Systemic Sclerosis Diagnosis:

What is Systemic Sclerosis:

Systemic sclerosis (scleroderma) is a connective tissue disease caused by autoimmune dysfunction, characterized by excessive collagen deposition leading to fibrosis of the skin and internal organs, accompanied by microvascular lesions and immune abnormalities. The pathological process includes microvascular injury, fibroblast activation, and immune-mediated tissue remodeling, resulting in progressive organ function loss. Diagnosis requires a combination of clinical and auxiliary examinations.

Consequences of Delayed Diagnosis and Treatment:

If systemic sclerosis is not recognized and treated early, microvascular lesions will worsen, and fibrosis will continue to progress. This increases the risk of severe complications such as interstitial lung disease, pulmonary hypertension, and renal crisis. Long-term cumulative damage may lead to respiratory failure, heart failure, and renal insufficiency, which can be disabling or even life-threatening. Therefore, early diagnosis and intervention are crucial for prognosis.

Diagnostic Basis:

1. Clinical manifestations and history

Symptoms such as Raynaud’s phenomenon, onset of skin sclerosis, digestive system symptoms, or respiratory disorders provide preliminary diagnostic clues and serve as the entry point for screening.
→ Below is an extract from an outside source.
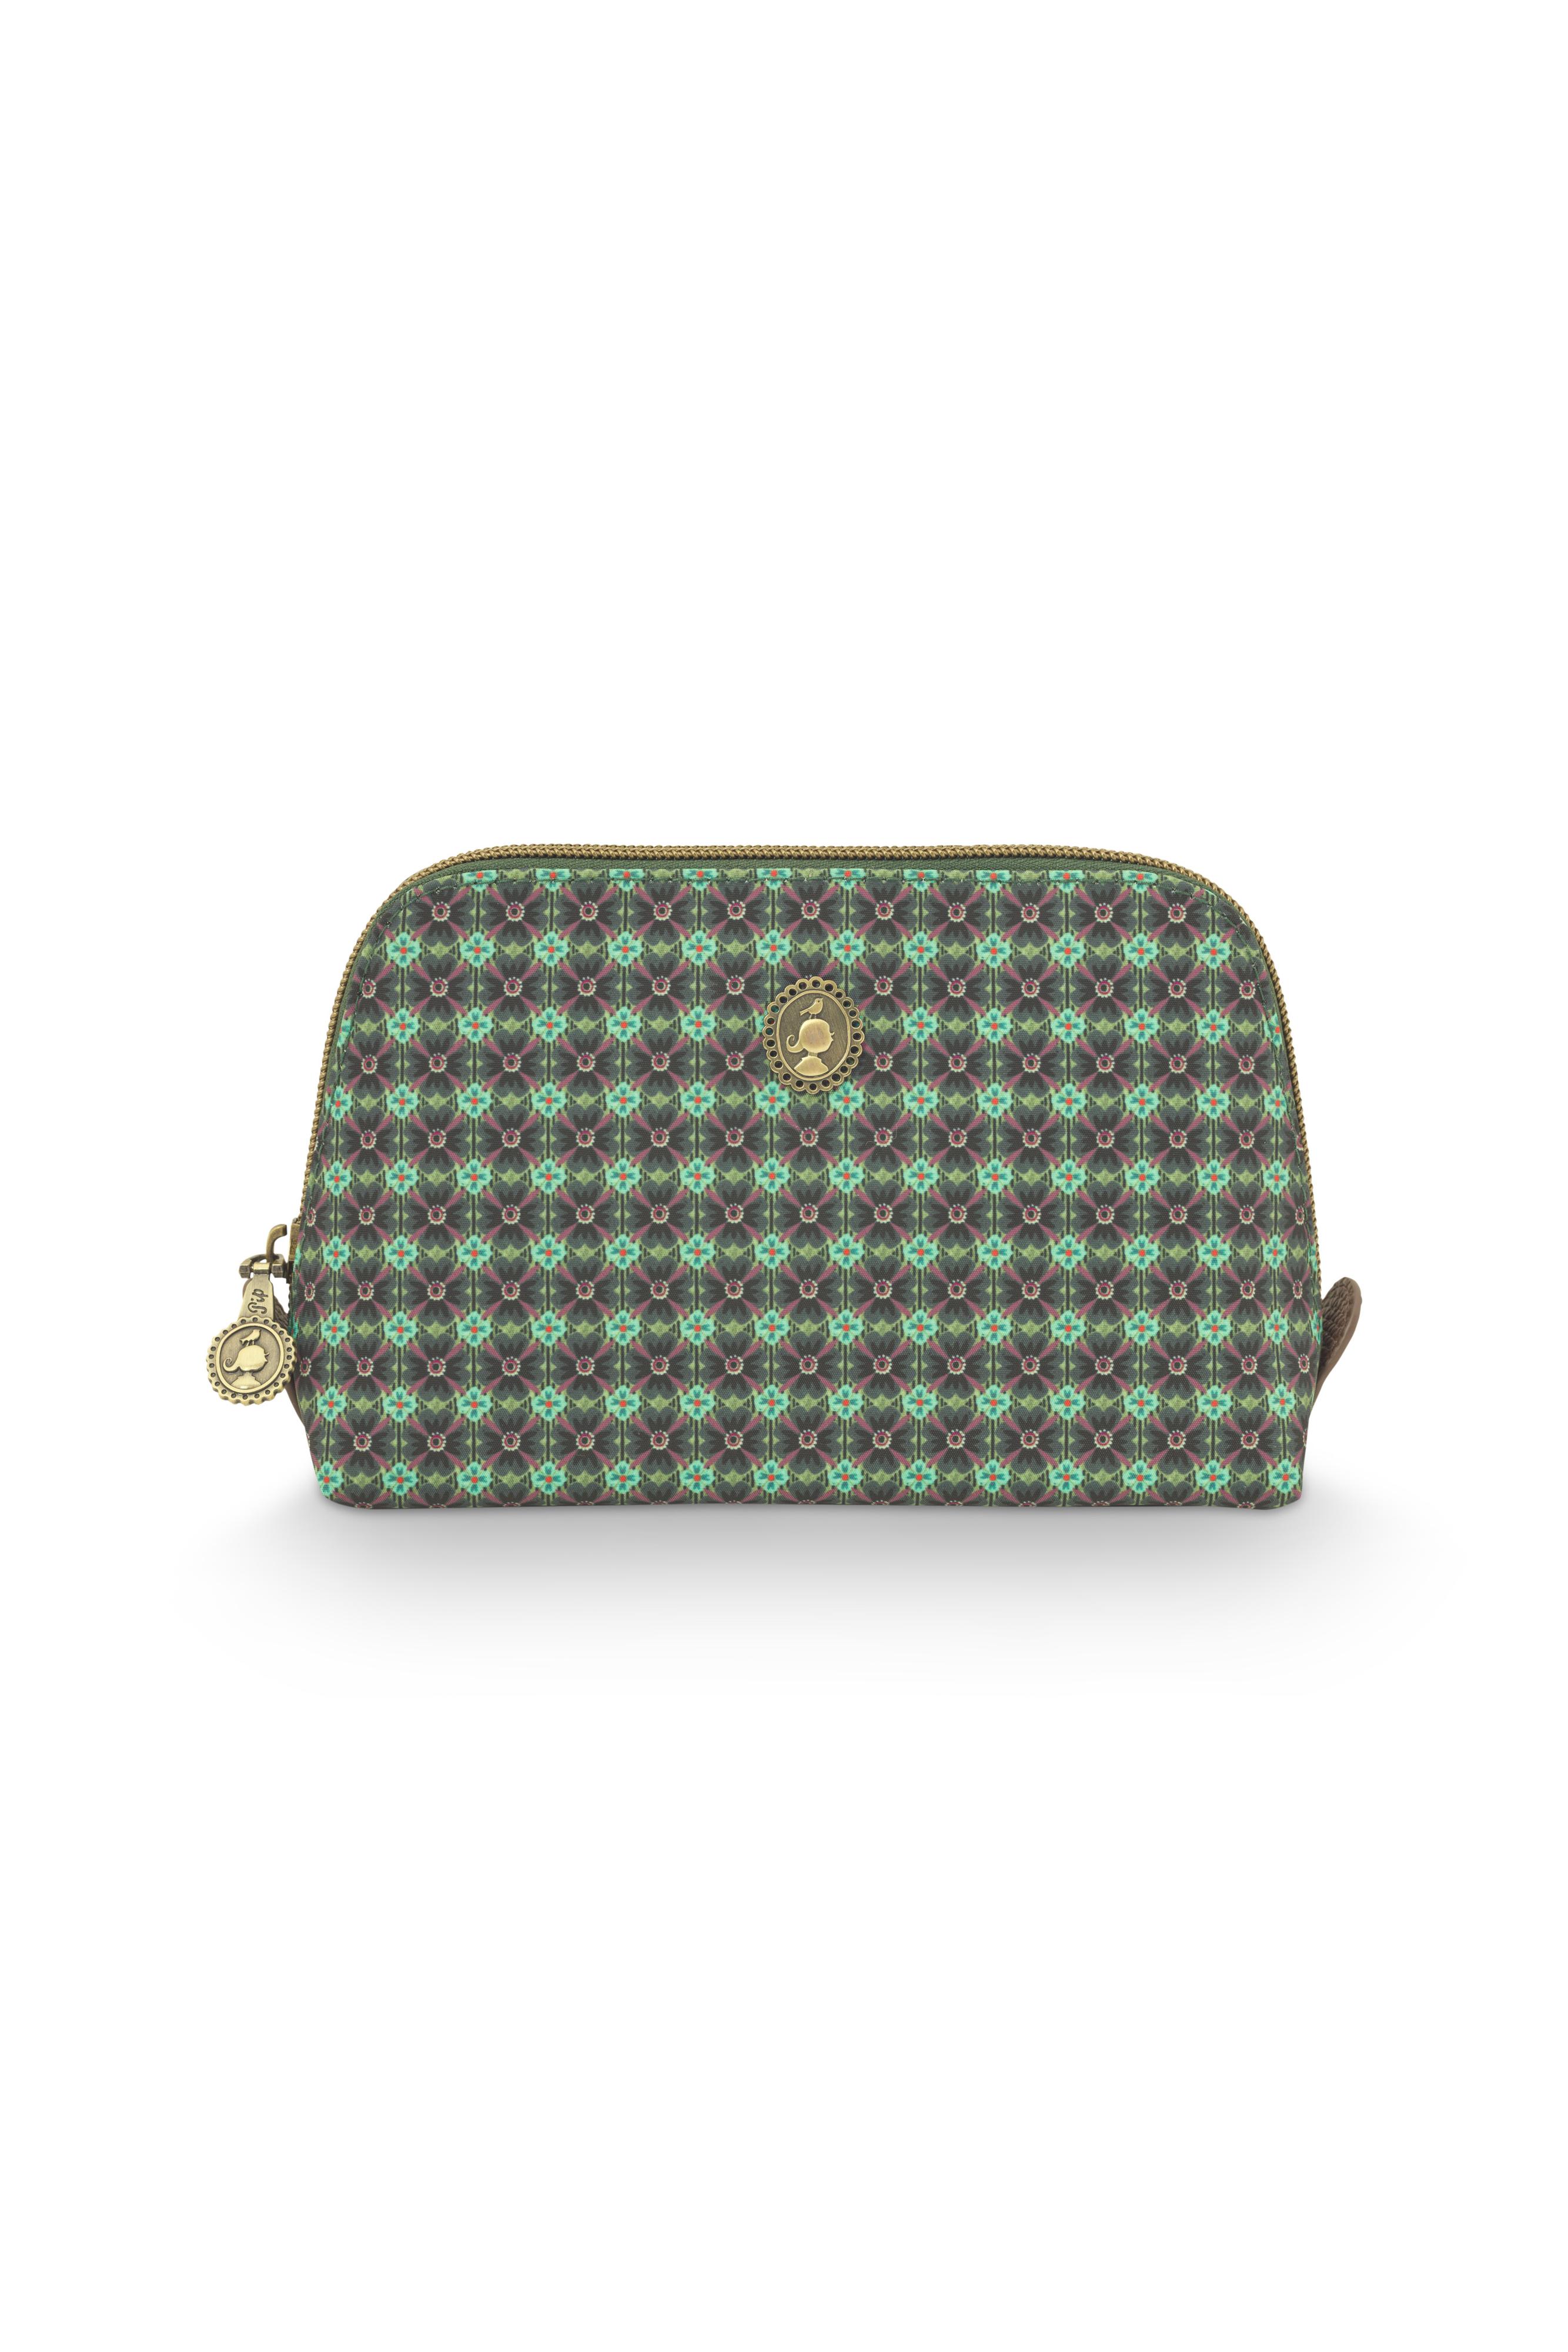 Coby Cosmetic Bag Triangle Small Clover Green 19/15x12x6cm Gift

2. Physical examination and skin assessment

Assessment of skin thickness, fingertip ulcers, changes in skin elasticity, and joint involvement helps determine disease course and activity.

3. Antibody testing

Antinuclear antibodies (ANA), anti-Scl-70 (topoisomerase I), and anti-RNA polymerase III are highly valuable for diagnosis and phenotype prediction.

4. Microvascular and skin pathology examination

Capillaroscopy can detect abnormal capillary morphology, while skin biopsy can assess the degree of fibrosis and exclude other lesions.

5. Imaging and functional tests

High-resolution CT can identify interstitial lung disease, esophageal manometry can evaluate swallowing disorders, and echocardiography can screen for pulmonary hypertension and cardiac involvement.

6. Multidisciplinary comprehensive evaluation

Collaboration among rheumatology, respiratory, cardiology, nephrology, and gastroenterology departments is recommended to regularly evaluate disease progression and formulate treatment plans.

7. Serum and inflammatory markers

Erythrocyte sedimentation rate (ESR), C-reactive protein (CRP), and immune-related cytokines help assess disease activity and monitor treatment response.

8. Pulmonary function tests and six-minute walk test

These assess respiratory function prognosis and pulmonary hypertension risk, serving as important tools for long-term follow-up.

9. Complication screening and risk stratification

Timely screening for high-risk complications such as pulmonary hypertension, renal crisis, and infection allows early intervention and optimized treatment.

Conclusion:

Systemic sclerosis is a multi-organ, rapidly progressive autoimmune fibrotic disease. Without timely diagnosis and intervention, it can lead to irreversible organ damage and significantly increased mortality risk. Experts at United Life International Medical Center emphasize strengthening primary care recognition and multidisciplinary collaboration, enhancing early diagnostic capabilities, and using diagnostic tools for comprehensive disease evaluation to optimize treatment strategies, improve prognosis, and enhance quality of life.